The government, for its part, has vociferously protested every step of the way – hewing to the second Trump administration’s stock-in-trade argument that Trump’s actions, broadly, are not reviewable by the court system.

As has often — but not always — been the case, the judge overseeing the matter decided he did, in fact, have the authority to hear the dispute.

At the heart of the government’s argument is the notion that the refugees are actually lodging breach-of-contract claims under the auspices of the Administrative Procedure Act, the statute that governs agency actions.

Rather, the government says, the contract nature of the dispute means the litigation is governed by the obscure Tucker Act of 1887. Under this law, the U.S. Court of Federal Claims has jurisdiction to rule on “any claim” against the federal government that relies “upon any express or implied contract with the United States.”

Whitehead, however, has heard this line before – several times.

Jamal Whitehead / Donald Trump

Left: U.S. District Judge Jamal Whitehead before being confirmed to the U.S. District Court for the Western District of Washington (Senate Judiciary Democrats/X). Right: President Donald Trump speaks during the White House Faith Office luncheon in the State Dining Room, Monday, July 14, 2025, in Washington (AP Photo/Evan Vucci).

“The Government rehashes its thrice rejected argument that Plaintiffs’ APA claims amount to no more than ‘disguised breach-of-contract claims’ subject to the exclusive jurisdiction of the Court of Federal Claims,” the second order reads. “Having explained the fault in this position three times, the Court addresses it here only briefly.”

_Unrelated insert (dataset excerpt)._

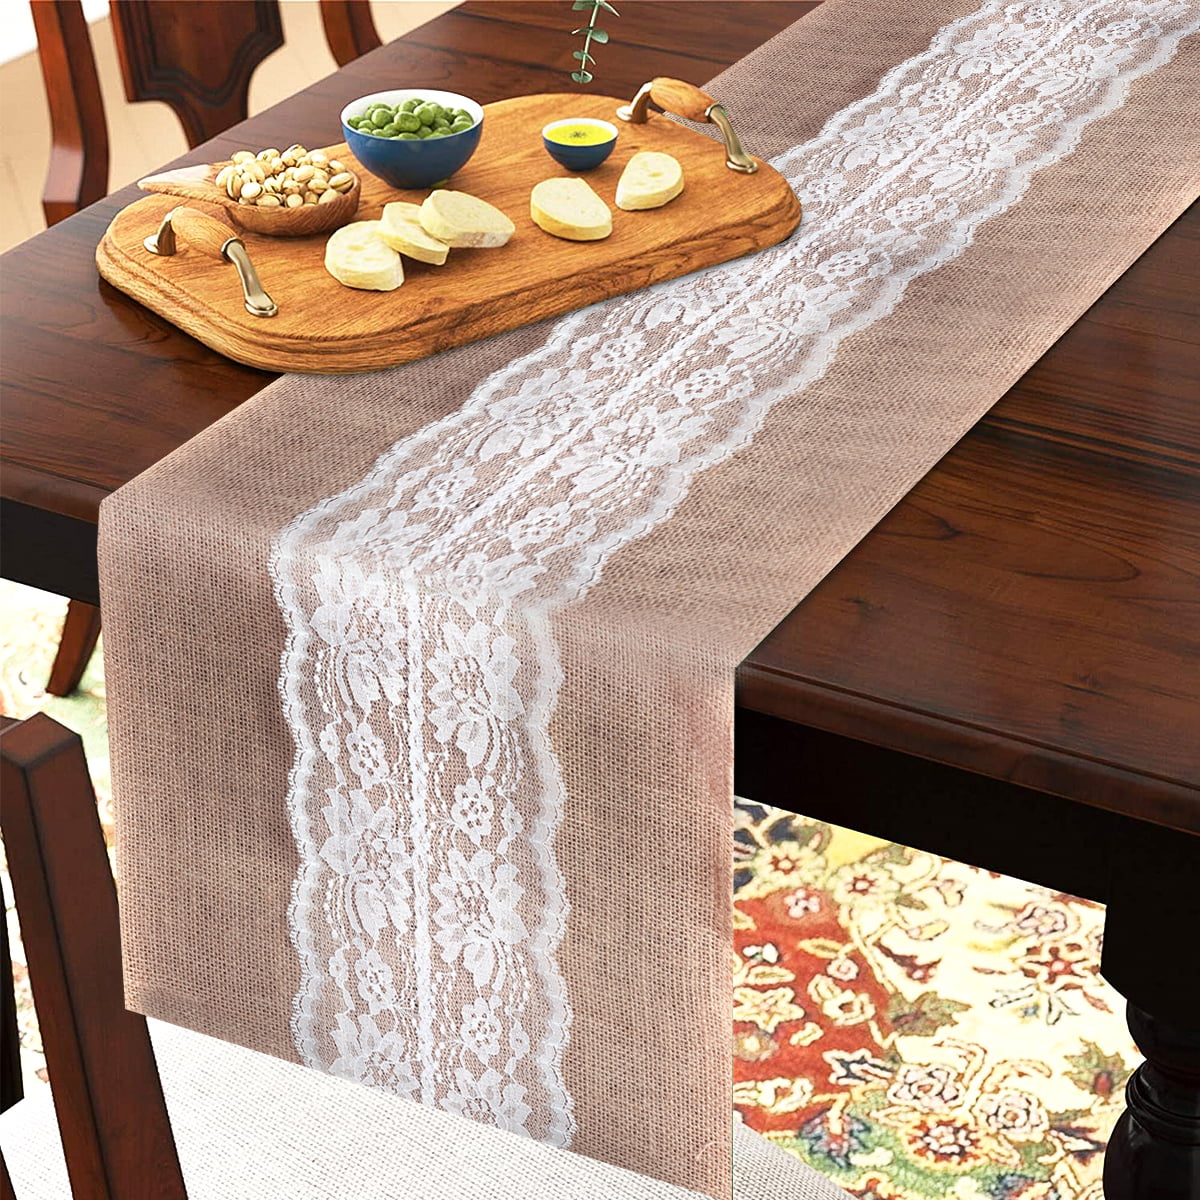 copper orange  flowers. Embroidered Vintage Rectangular table Runner Topper  36  by 13  Inches  White

The court elaborates to rubbish the government again, at length:

The organizational Plaintiffs do not seek damages for breach of their cooperative agreements. Rather, they seek to set aside the Agency Suspension, Funding Suspension, and Funding Termination and, in so doing, to compel the Agency Defendants to fulfill their statutory obligations, including to fund resettlement programs “to the extent of available appropriations.” The organizational Plaintiffs have no adequate remedy in the U.S. Court of Federal Claims—not only because the Claims Court lacks the power to order the relief sought, but also because the USRAP cooperative agreements are not the sort of “money-mandating” contracts that are enforceable under the Tucker Act.

On the Trump administration’s broader argument that the plaintiffs failed to state a claim, the court delves into the facts a bit. And here, the judge gives the clearest indication of where the case is heading.

“This Court has already found that the complete, indefinite suspension of USRAP—the program by which the Government fulfills its statutory duties under the Refugee Act—countermands not only the INA statutory provisions discussed above but also the considered policy judgments of Congress,” Whitehead goes on. “When the President, through the USRAP EO, effectively subordinated this Congressional policy interest in refugee resettlement to countervailing Executive policy interests in, among other things, ‘appropriate assimilation’ he impermissibly ‘countermand[ed] Congress’s considered policy judgment.'”

Notably, Whitehead also stakes out a strong vision of judicial autonomy independent from the executive branch – by way of a direct response to an argument by DOJ lawyers that courts cannot enjoin the president.

Yes, and no, the court replied.

“It is true that courts generally lack authority to enjoin the President in the performance of official duties,” the second order goes on. “But Plaintiffs do not seek such relief. The only relief that Plaintiffs seek against the President himself is a declaratory judgment that the USRAP [executive order] is ultra vires. As the Court explained when issuing its First Injunction, district courts have jurisdiction to declare executive orders unlawful and to enjoin sub-Presidential Executive Branch officials from carrying out unlawful orders Because Plaintiffs seek only declaratory relief against the President, the Court declines to dismiss their claims against him.”